Exercise description
Your answer must be an exact copy of the data below, minus any pictures.

Raw data

• • • •

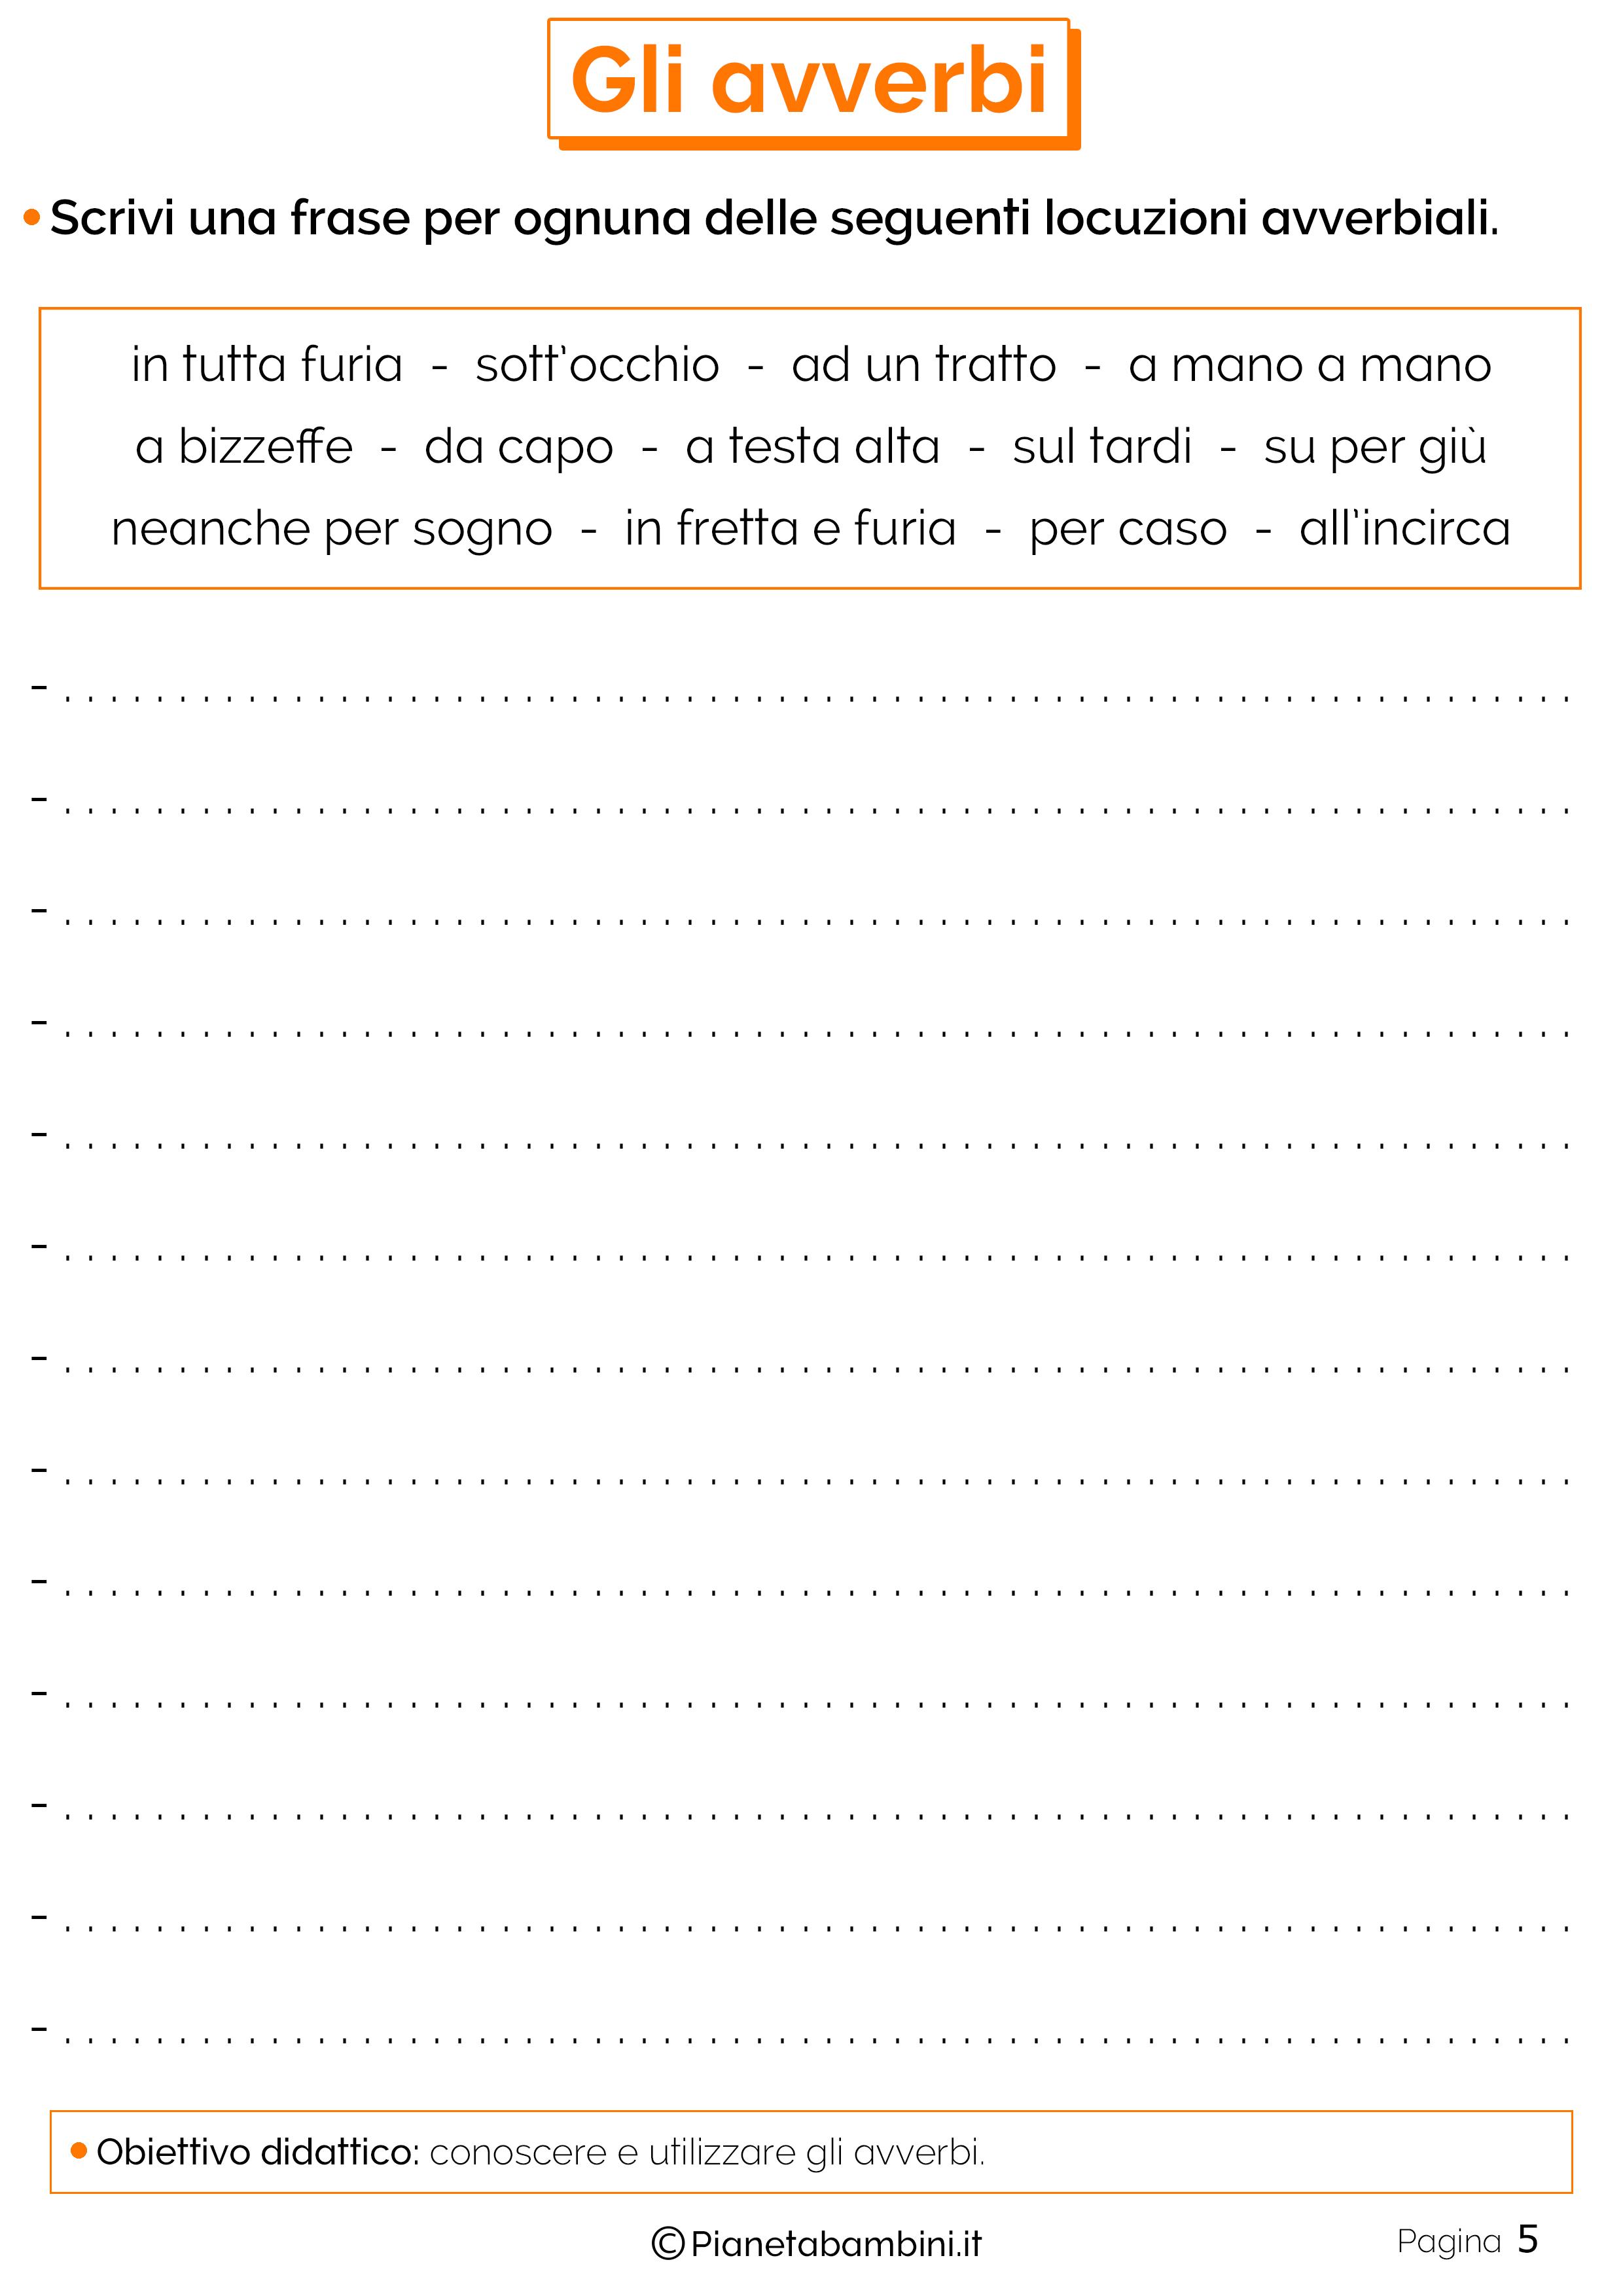 Esercizi sugli avverbi 5
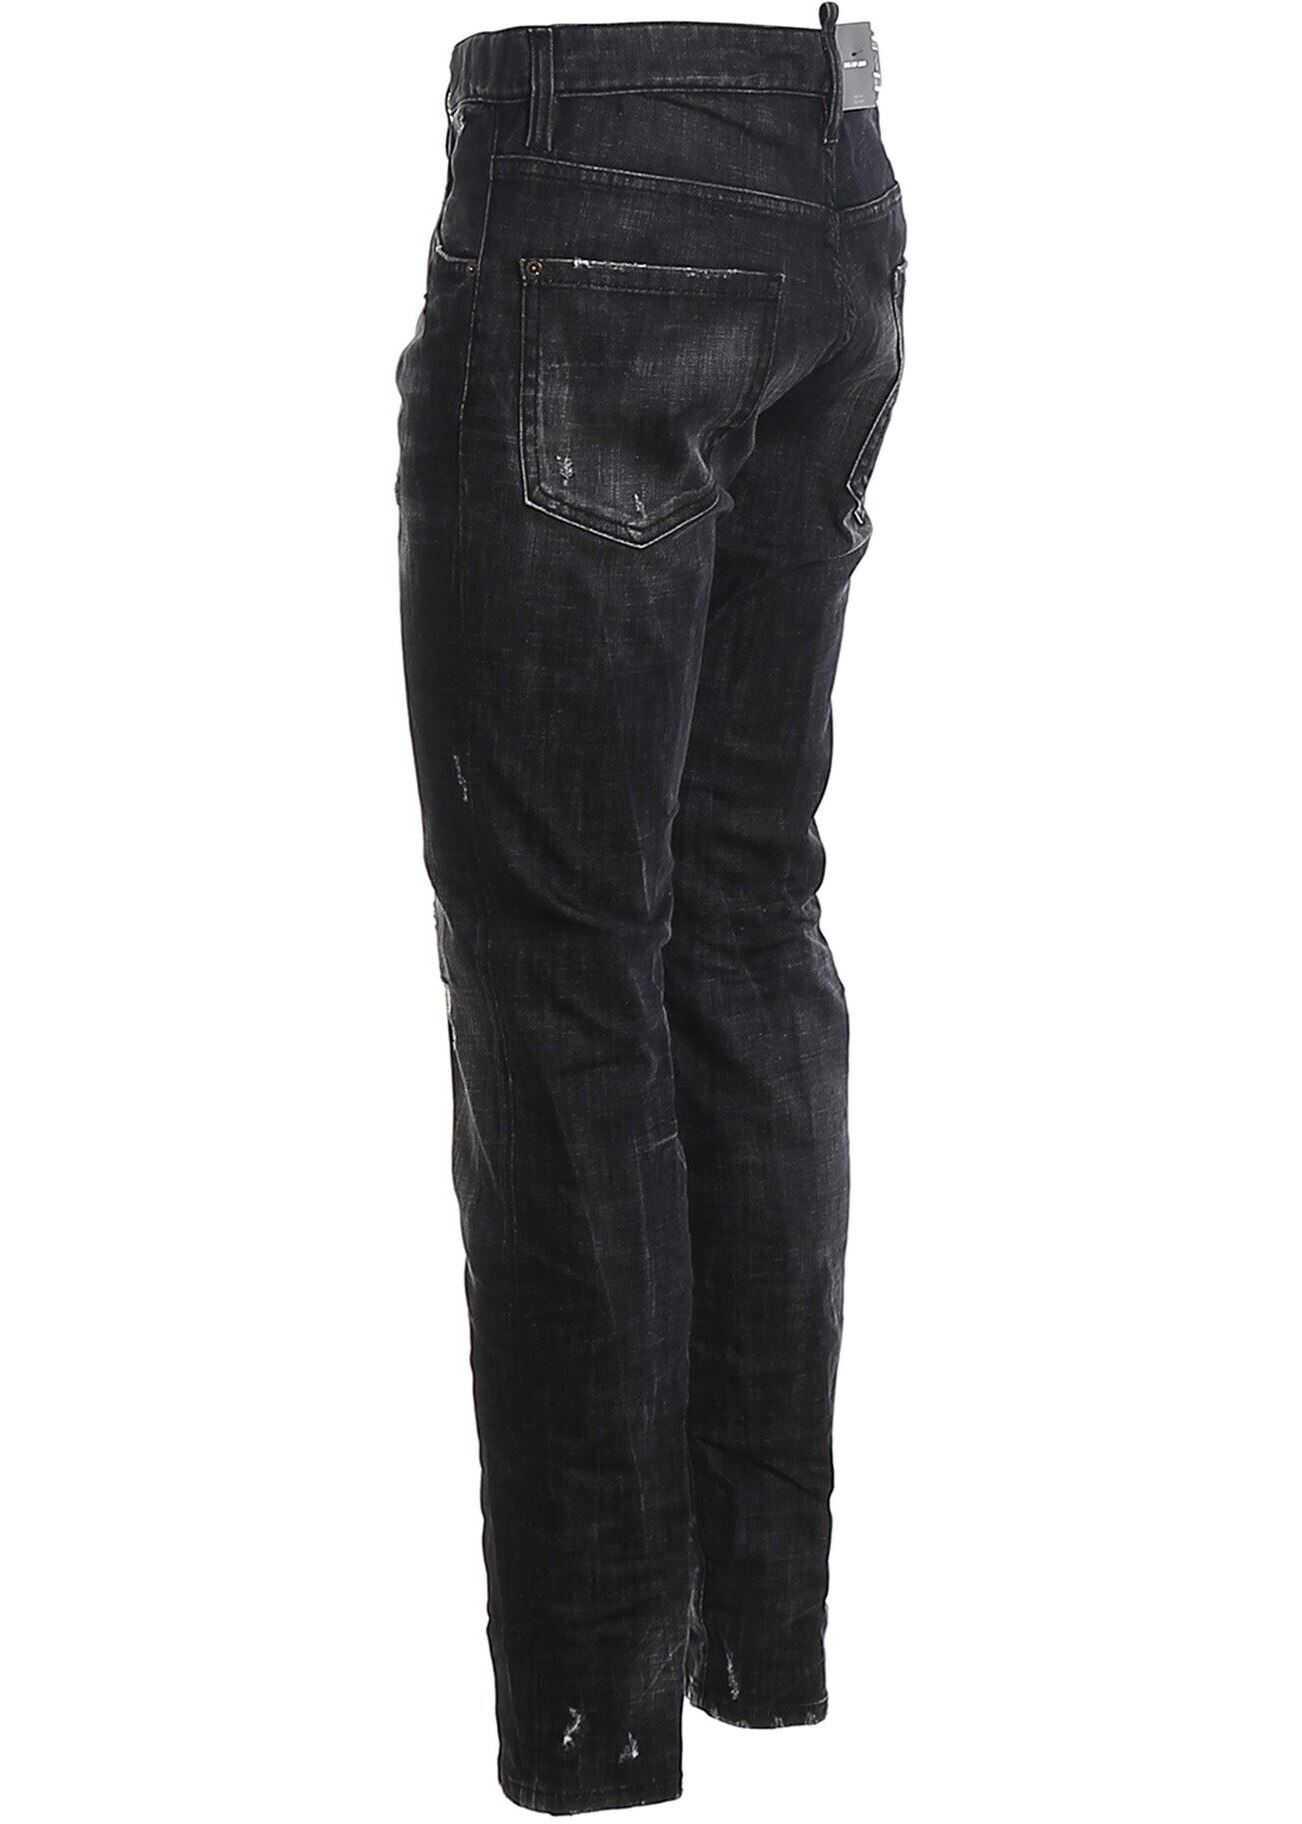 DSQUARED2 Cool Guy Denim Jeans Black
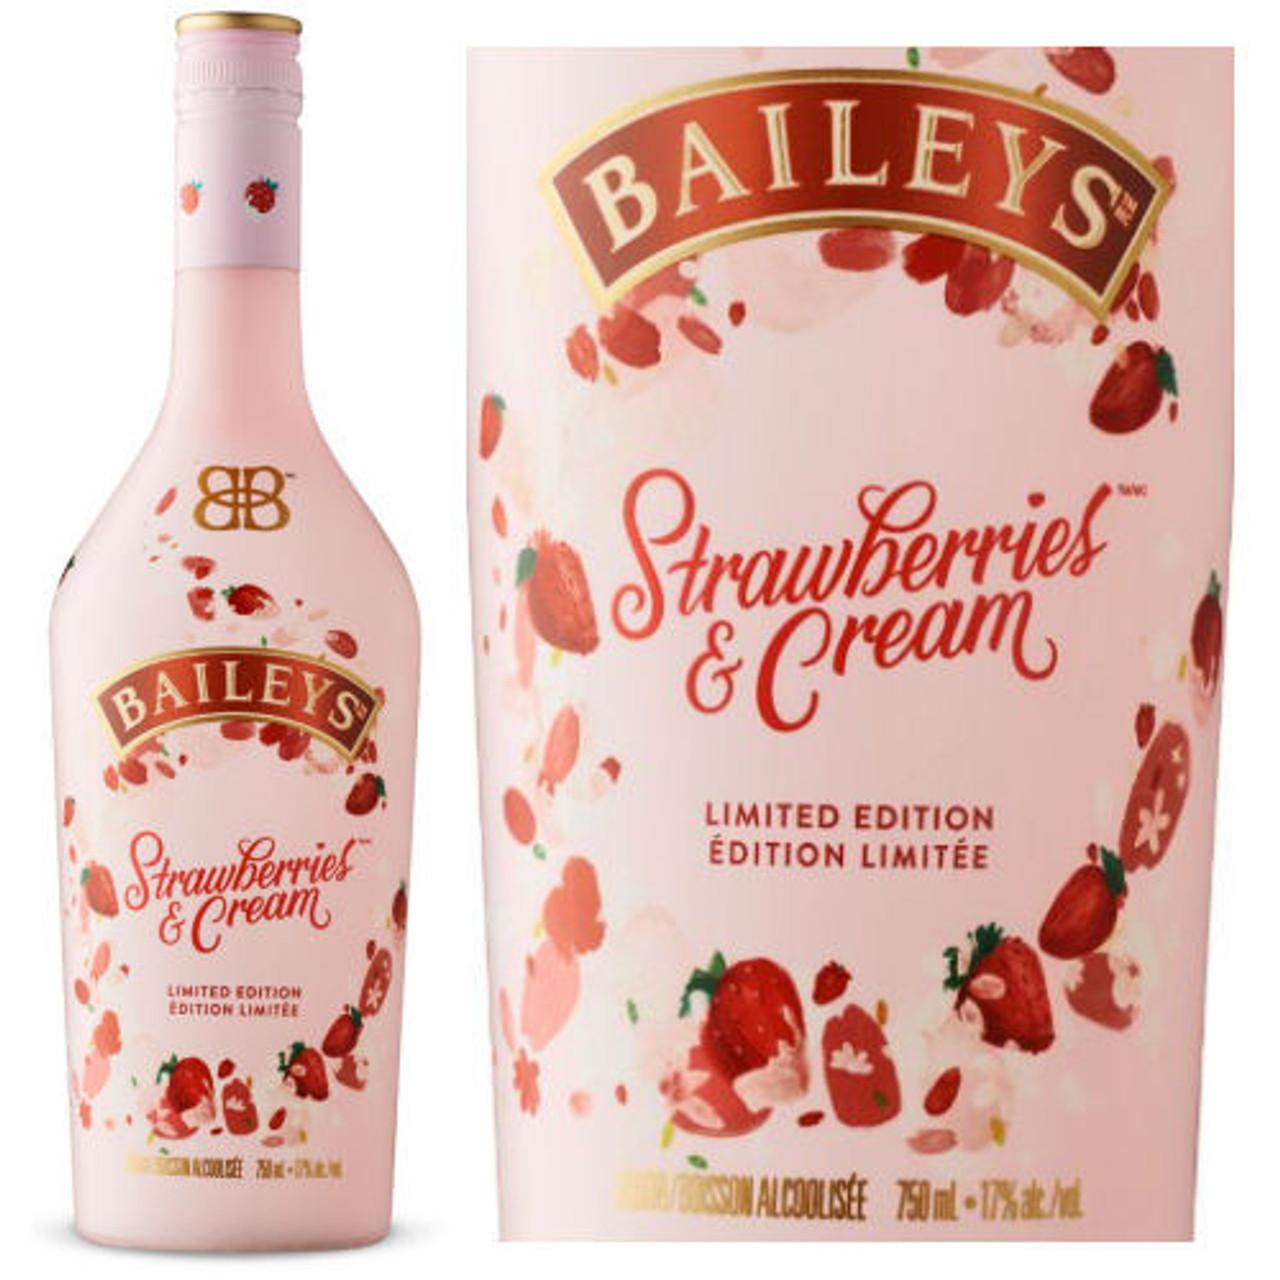 Baileys Irish Cream Strawberries & Cream Liqueur 750ml

• • • •

Result
 Esercizi sugli avverbi 5
 DSQUARED2 Cool Guy Denim Jeans Black
 Baileys Irish Cream Strawberries & Cream Liqueur 750ml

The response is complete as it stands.